The regulation applies to non-Federal governmental plans with more than 100 employees, and to group health plans of private employers with more than 50 employees. It does not apply to group health plans of smaller employers. Like the statute, it does not require group health plans to provide MH or SUD benefits. If they do, however, the financial requirements and treatment limitations that apply to MH or SUD benefits cannot be more restrictive than the predominant restrictions and requirements that apply to substantially all of the medical/surgical benefits.
The provisions of the regulation include the following:
The substantially all/predominant test outlined in the statute must be applied separately to six classifications of benefits: inpatient in-network; outpatient in-network; inpatient out-of-network; outpatient out-of-network; emergency; and prescription drug. The regulation includes examples for each classification. Additionally, although the regulation does not require plans to cover MH or SUD benefits, if they do, they must provide MH or SUD benefits in all classifications in which medical/surgical benefits are provided.
The regulation requires that all cumulative financial requirements, including deductibles and out-of-pocket limits, must combine both medical/surgical and MH/SUD benefits. The regulation includes examples of permissible and impermissible cumulative financial requirements.
The regulation distinguishes between quantitative treatment limitations and nonquantitative treatment limitations. Quantitative treatment limitations are numerical, such as visit limits and day limits. Nonquantitative treatment limitations include medical management, step therapy and pre-authorization. There is an illustrative list of nonquantitative treatment limitations in the regulation. A group health plan cannot impose a nonquantitative treatment limitation with respect to MH/SUD benefits in any classification (outlined in #1) unless, under the terms of the plan as written or in operation, any processes, strategies, evidentiary standards, or other factors used in applying the nonquantitative treatment limitation to MH/SUD benefits in the classification are comparable to, and are applied no more stringently than, the processes, strategies, evidentiary standards, or other factors used in applying the limitation with respect to medical surgical/benefits in the classification, except to the extent that recognized clinically appropriate standards of care may permit a difference.

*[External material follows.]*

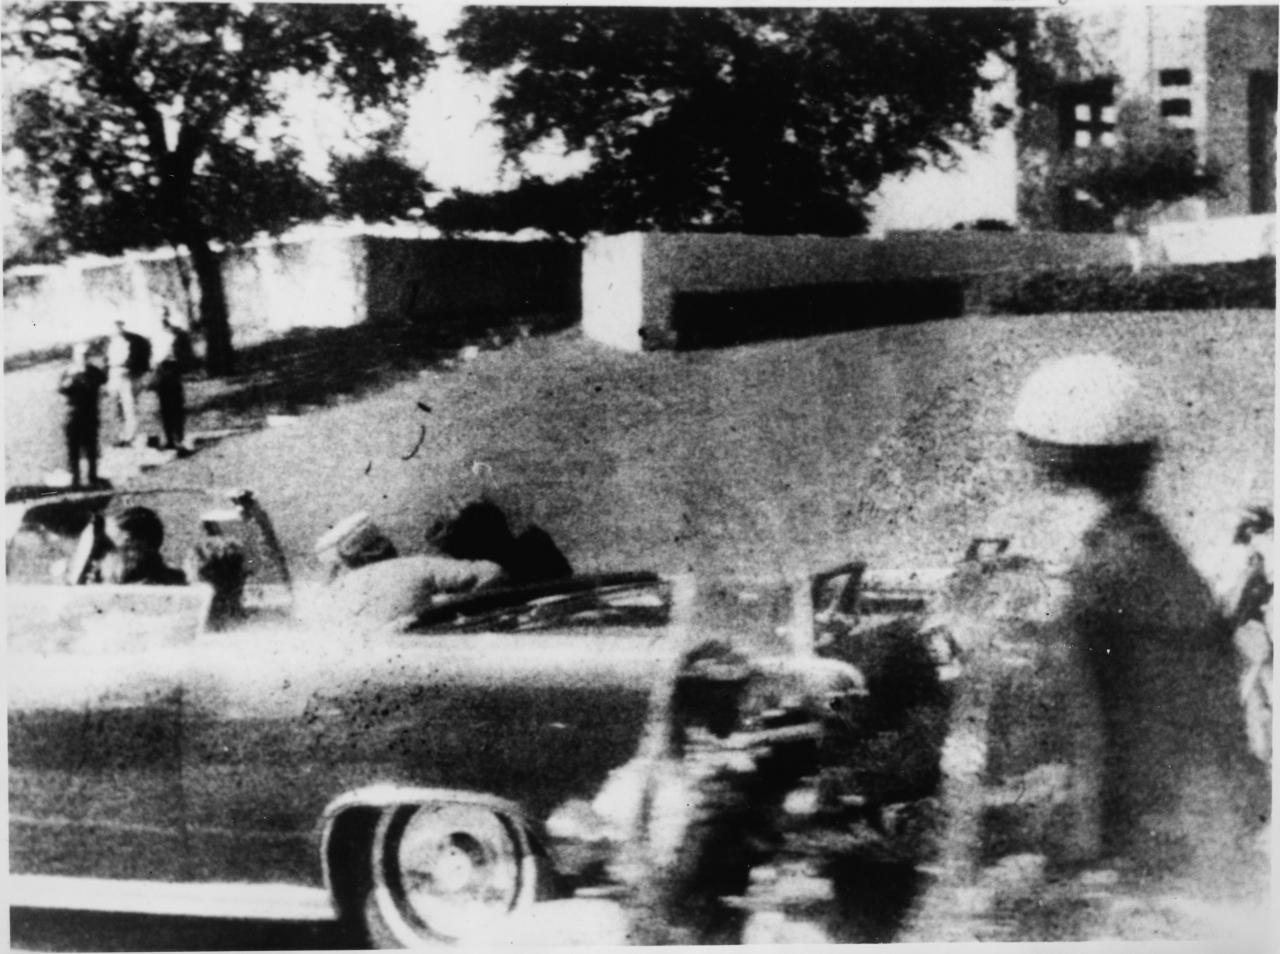 Momento del asesinato de John F. Kennedy en Dallas el 22 de noviembre de 1963. Fotografía de Archivo.

Medicare, Medicaid, and the Children’s Health Insurance Program (CHIP) are not group health plans or issuers of health insurance. They are public health plans through which individuals obtain health coverage. However, CHIP plans, Medicaid Benchmark Benefit plans, as well as managed care plans that contract with State Medicaid programs to provide services are subject to certain requirements of MHPAEA. Seehttp://downloads.cms.gov/cmsgov/archived-downloads/SMDL/downloads/SHO110409.pdf for the State Health Official letter regarding State Medicaid programs and Children’s Health Insurance Program State plans. We anticipate issuing further responses to questions and other guidance in the future. We hope this guidance will be helpful by providing additional clarity and assistance.